▶ [Work instructions]:
In the data below, find the line containing "God of Blackfield 185 20 12 25660001"; transcribe it and each line after it exactly, through the last, skipping pictures.

▶ [Stored data]:
==================================================
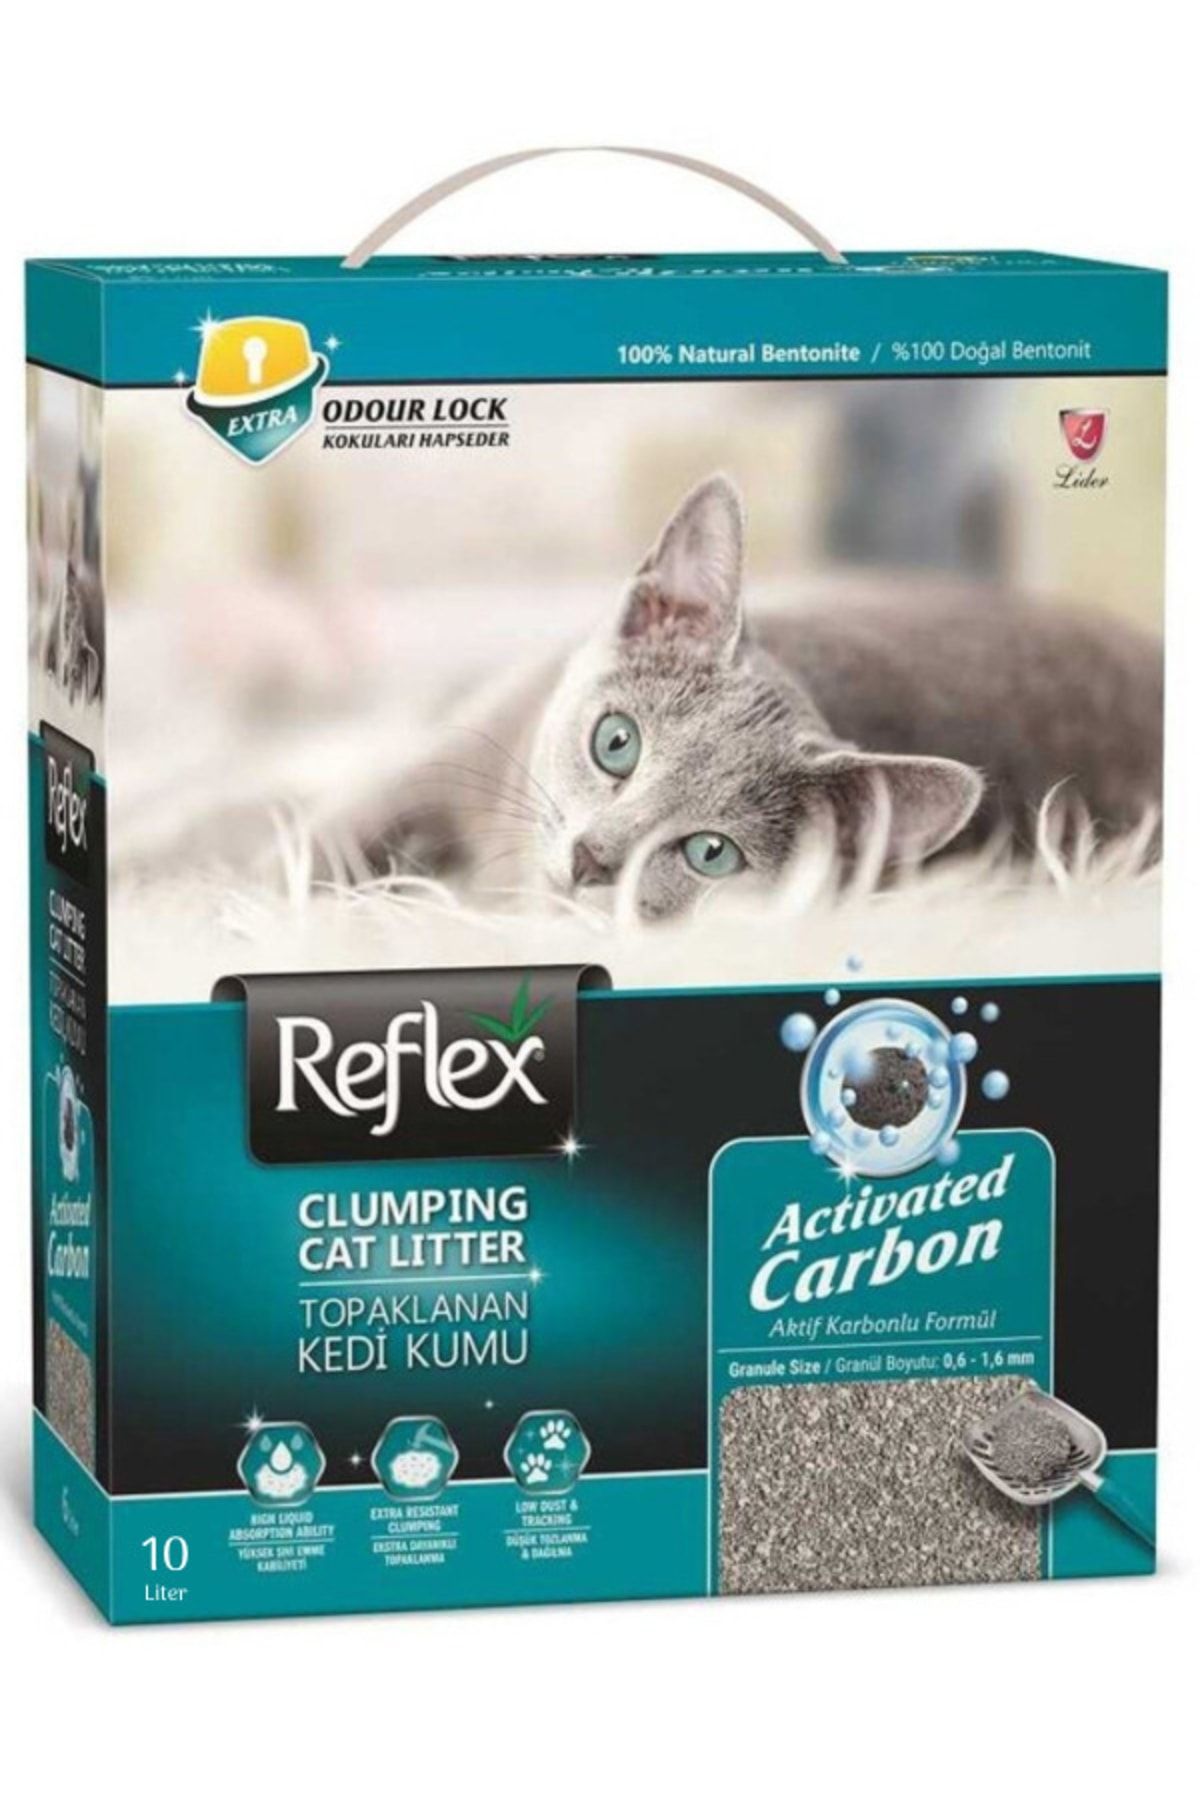 Reflex Activated Carbon Clumping Cat Litter Aktif Karbonlu Topaklanan Koku Hapseden Kedi Kumu 10 Lt
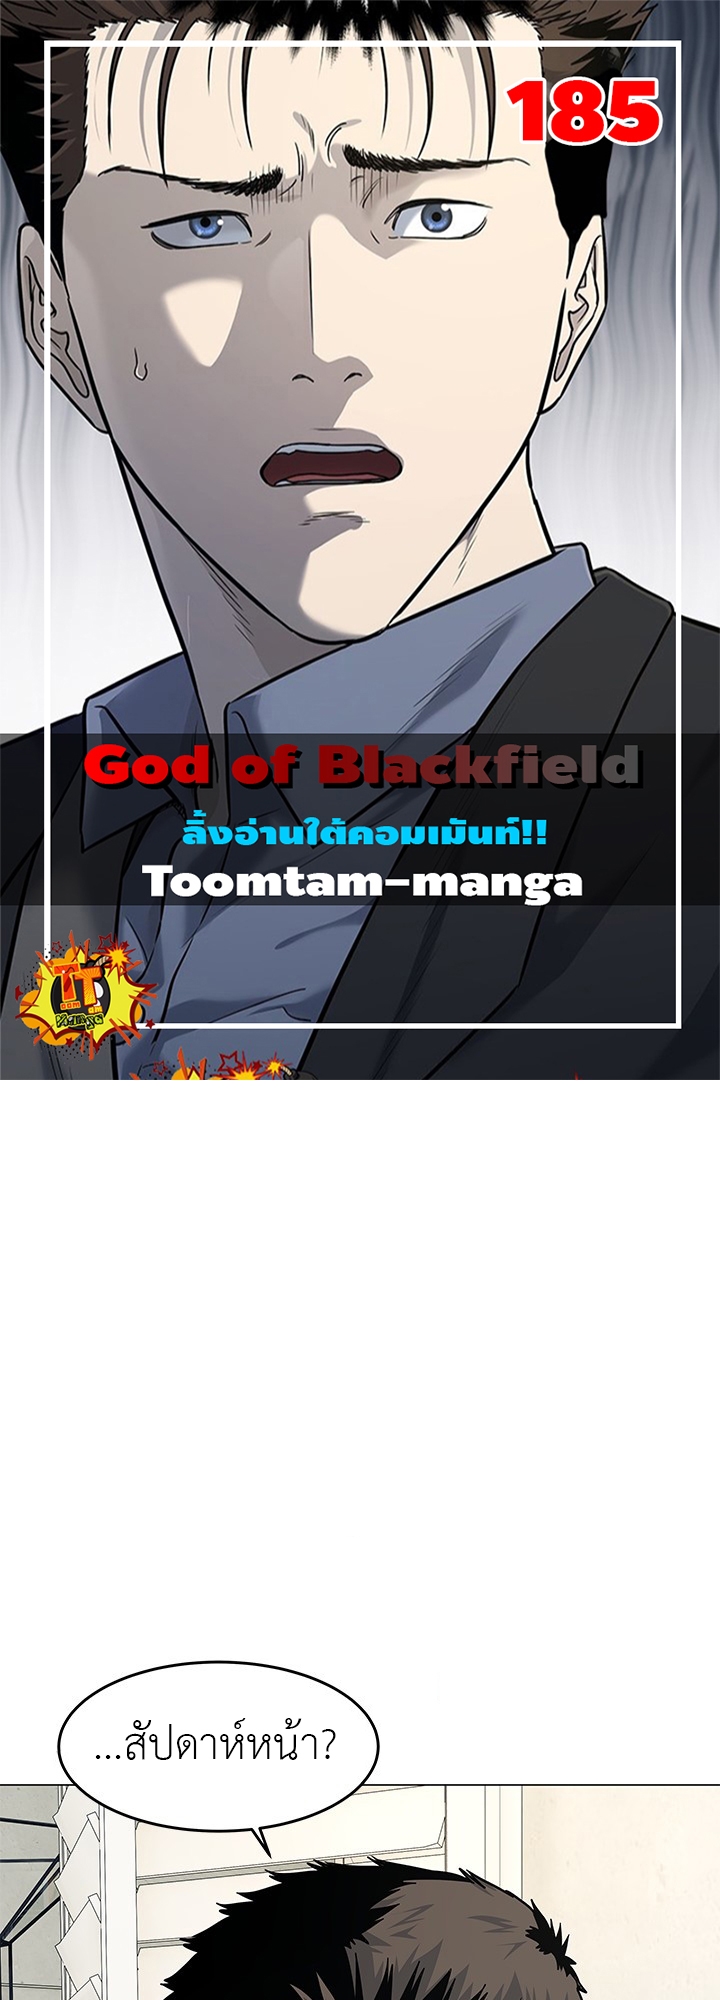 God of Blackfield 185 20 12 25660001
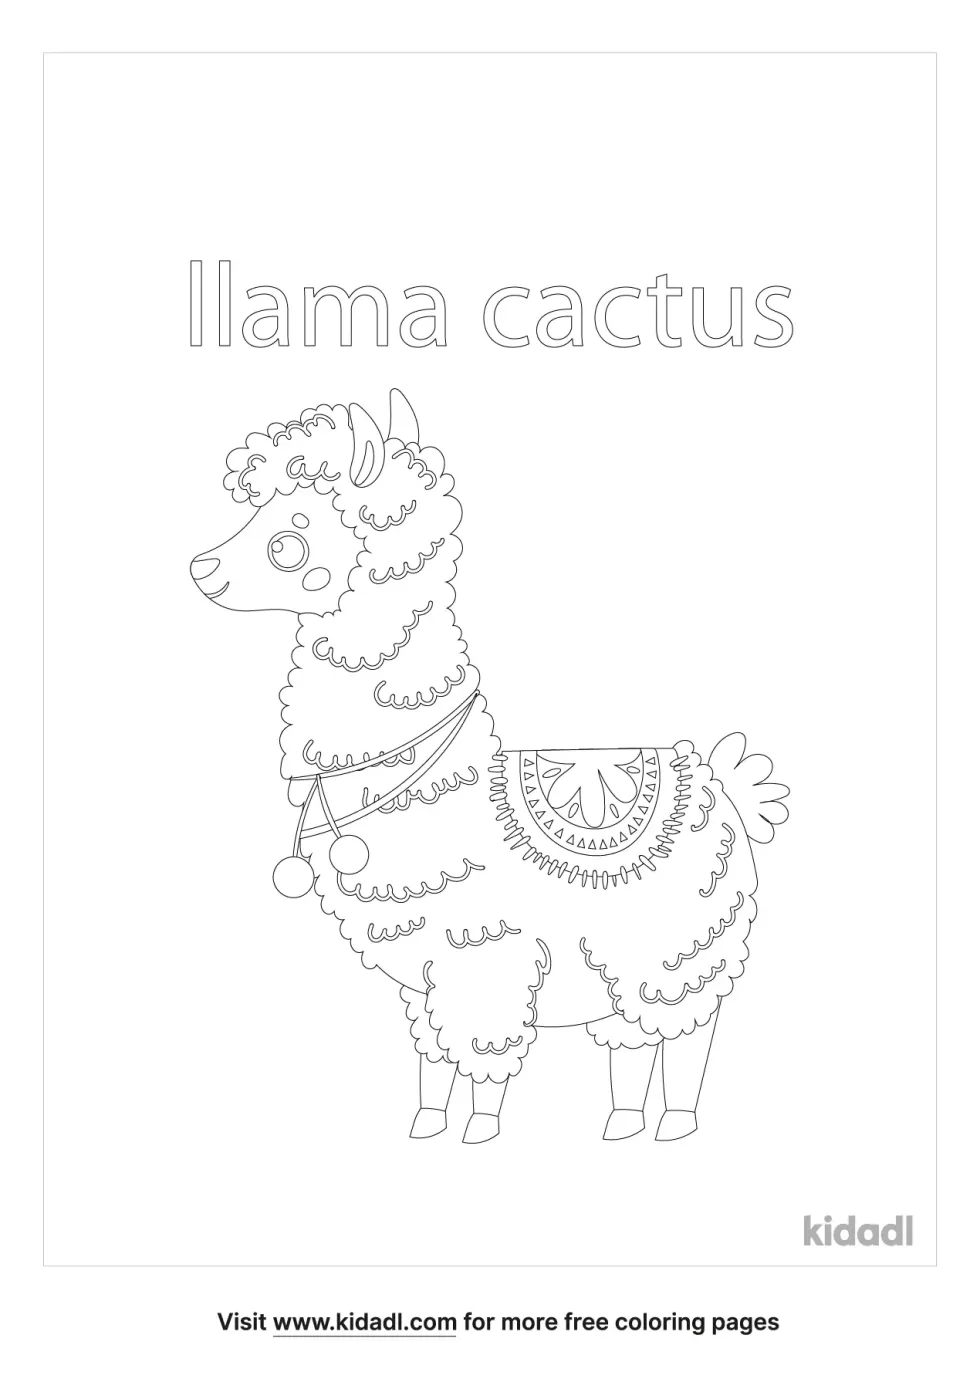 Llama Cactus
==================================================
▶ [Answer section]:
 God of Blackfield 185 20 12 25660001
 Llama Cactus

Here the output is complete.